In giving me this honorary Ph.D. in the humanities, and I have truly been honored, I was asked to speak to the graduating students. It was hinted that my speech should be inspirational. However I was not told what I was to inspire you to do, so I am on my own.
There are lots of options. I could try to inspire you to plant an herb garden, or to learn how skillfully to manipulate a skate board; or to become anthropologists and carry brief cases; or join the Audubon Society (this is a commercial) to help reestablish the depleting ozone layer; or, better yet, sell spotted owl Tshirts in a timber-dependent community. There are, as I said, lots of options.
I'll start with giving advice by the traditional route toward reaching your goal (if you have any) that was cooked up by some remote Chinese philosopher. He or she said (in Chinese, of course) that to go one thousand miles one must take the first step. Unfortunately, he or she didn't say what to do next. We are left with one foot in the air.

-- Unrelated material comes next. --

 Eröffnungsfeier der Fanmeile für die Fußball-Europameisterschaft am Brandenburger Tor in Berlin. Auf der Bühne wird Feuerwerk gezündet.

Maybe the best I can do for you is to give you a lot of unsolicited advice. If your goal in life is to be happy, as mine once was, my advice to you is to stay right where you are. Just keep on going to school as long as you can get away with it. Then if that becomes impractical, just move in with your folks and stay there.
If they lock you out some night, then get married and move in with your inlaws. This may not work out, but you can try it.
I wish I had someone give me this advice when I was young, because, let me tell you, it is really rough out here. In all my many years I haven't yet adjusted to most of the things I have run into, such as: answering machines that say: "For other options press one"; and expired credit cards; and running out of gas on the freeway during the rushhour; dead batteries; and unremitting toil on some 40 hour a week job; or heavy rain on the Fourth of July, year after year after year; and, finally, preparing phony resumes. I could go on and on, but I must keep an eye on the clock.
Also, since I have run out of inspirational ideas I will fill up the time left to me by telling you a story.
You most likely have heard it before because I first heard it many years ago in Bellingham, in a cafe, having lunch with a drama student who had a part in the Mikado. Do you go in for that sort of thing at the Seattle University?
Here is the story: A couple of dedicated baseball players were worried about the hereafter that is, whether they played baseball in Heaven. They agreed that who died first would come back and tell the survivor if they played baseball up there.
One died. A couple of weeks later the survivor heard his friend's voice: "It's me, Bill. I have good news and bad news. First the good news. Yes, we do play baseball in Heaven. The bad news is that we have a game scheduled for next Friday.
and you're pitching."
I know that upon graduating with you I will probably be known as Dr. Wolf. However, you can all just call me "Doc".